**DATA EXTRACT**.
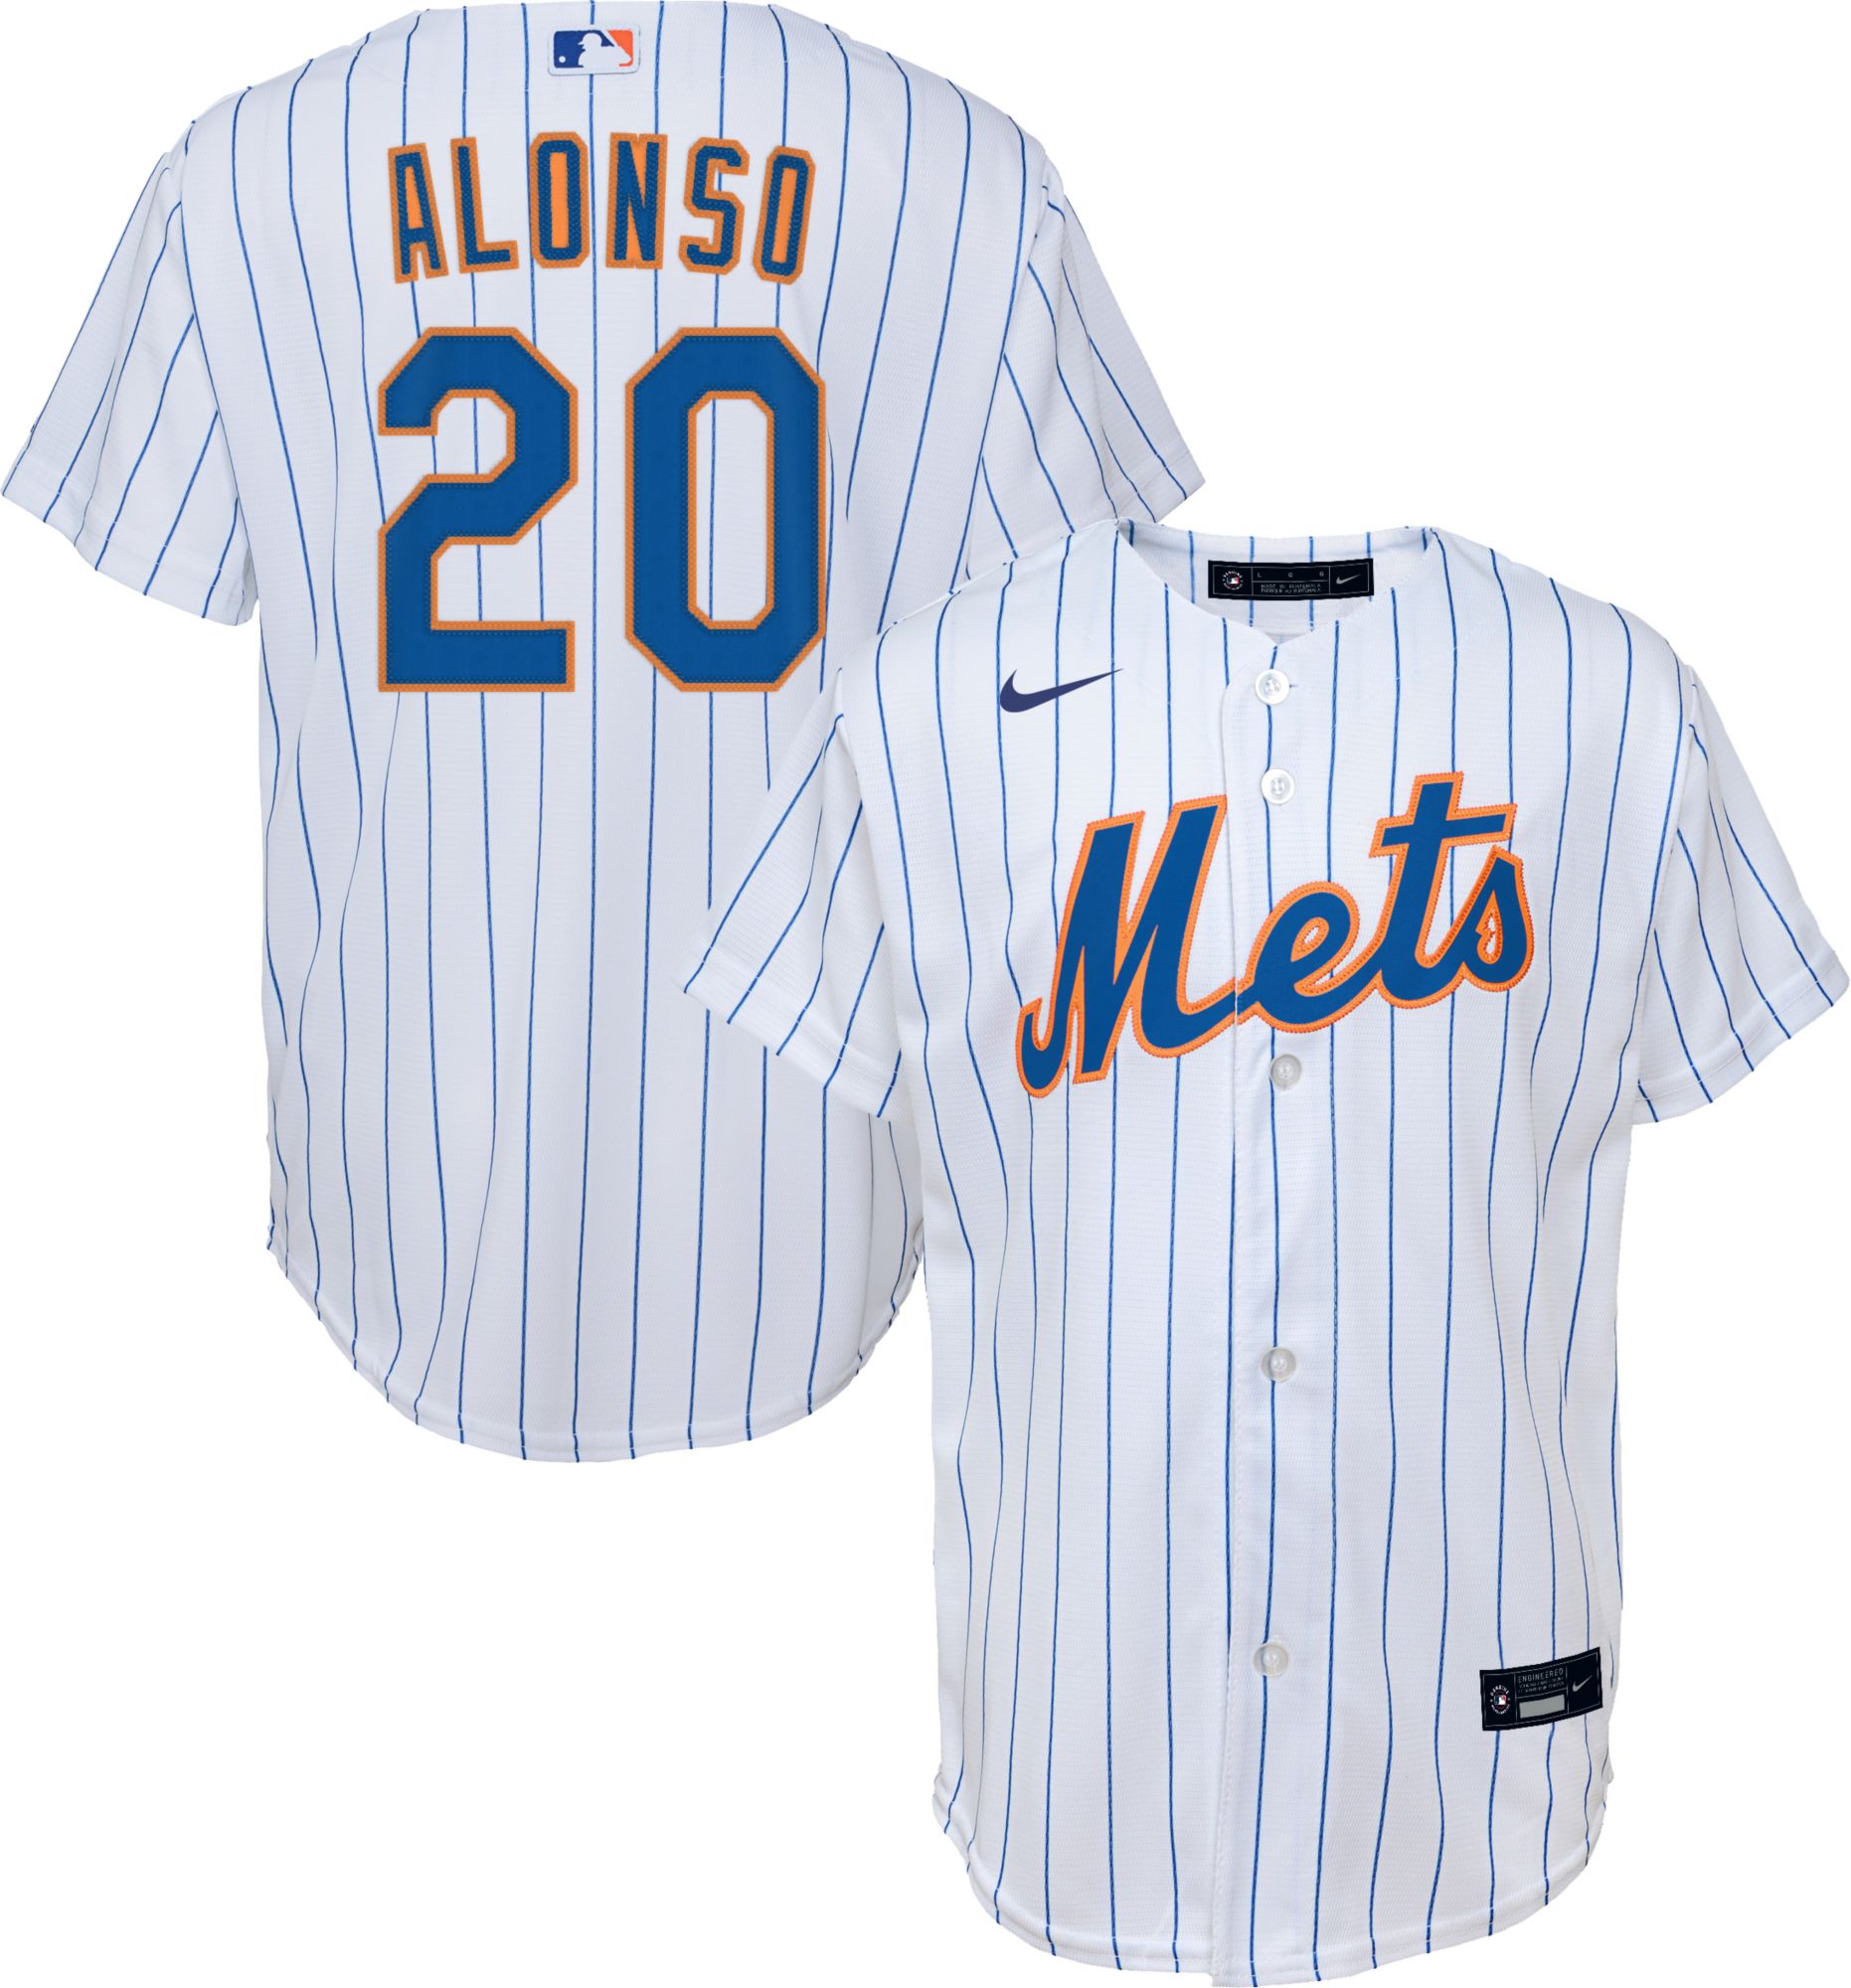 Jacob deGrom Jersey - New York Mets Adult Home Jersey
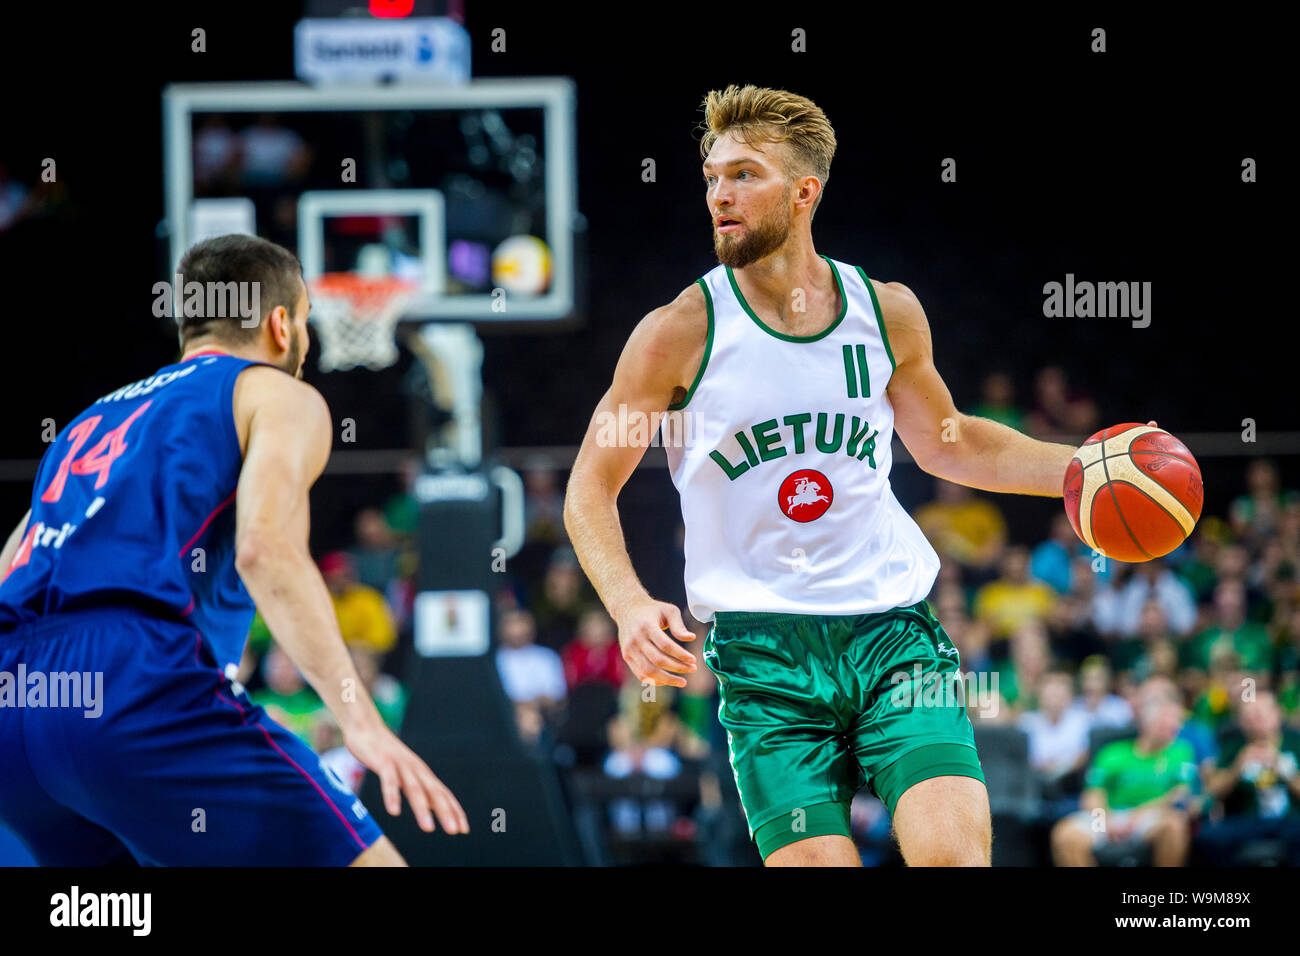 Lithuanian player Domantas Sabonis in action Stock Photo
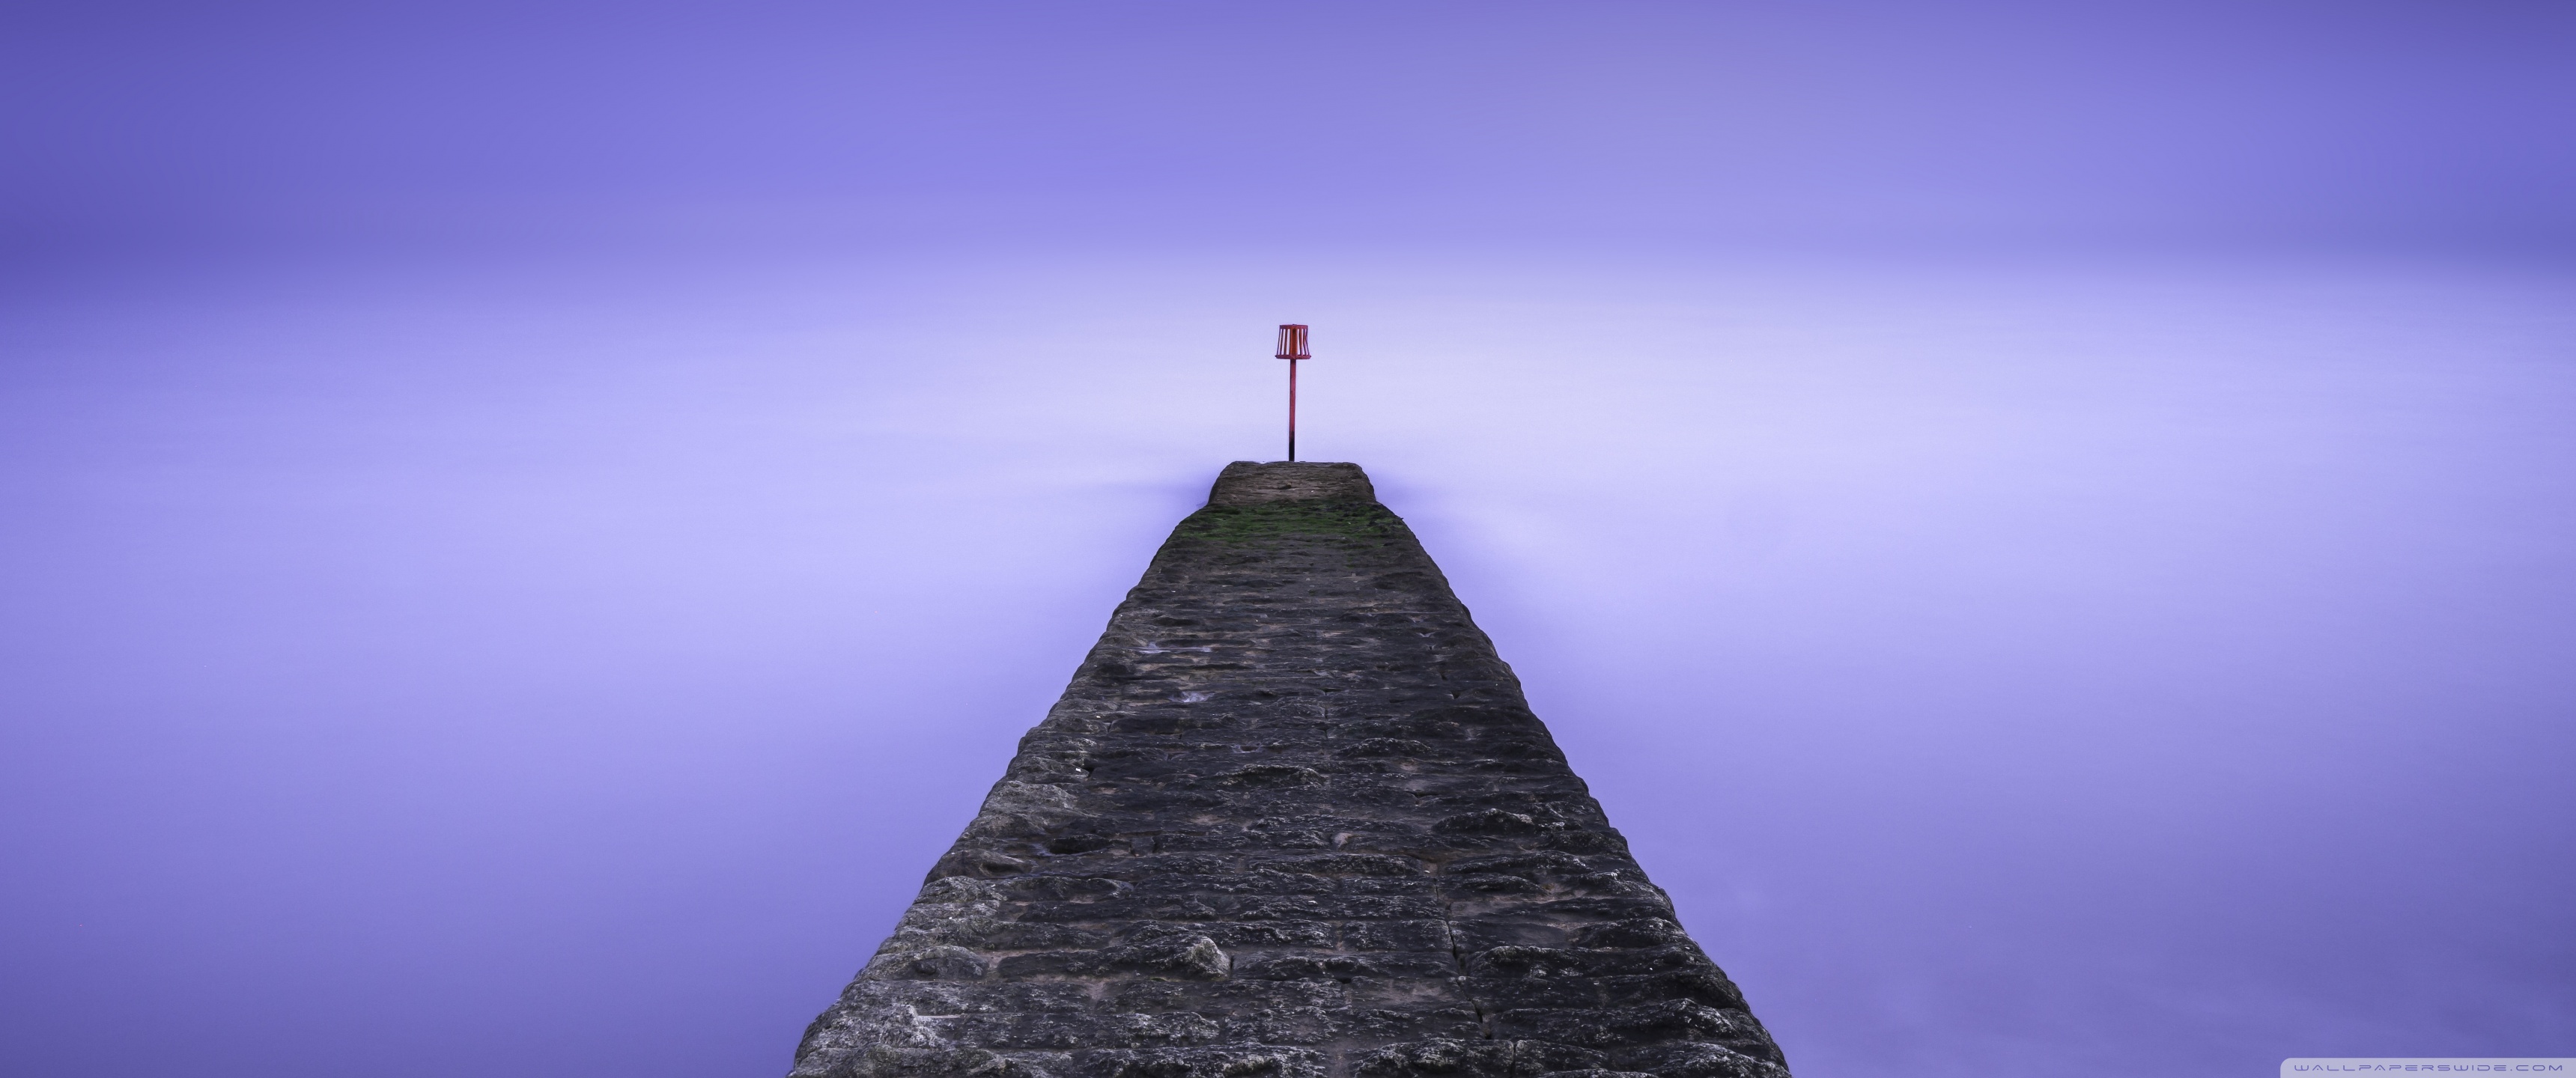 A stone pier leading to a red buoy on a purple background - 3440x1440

**WHAT YOU WILL DO**. Pictures must be left out. Return verbatim only the lines from the line with "Lithuanian player Domantas" through the final line of the material above, including both ends.

**ANSWER SECTION**.
 Lithuanian player Domantas Sabonis in action Stock Photo
 A stone pier leading to a red buoy on a purple background - 3440x1440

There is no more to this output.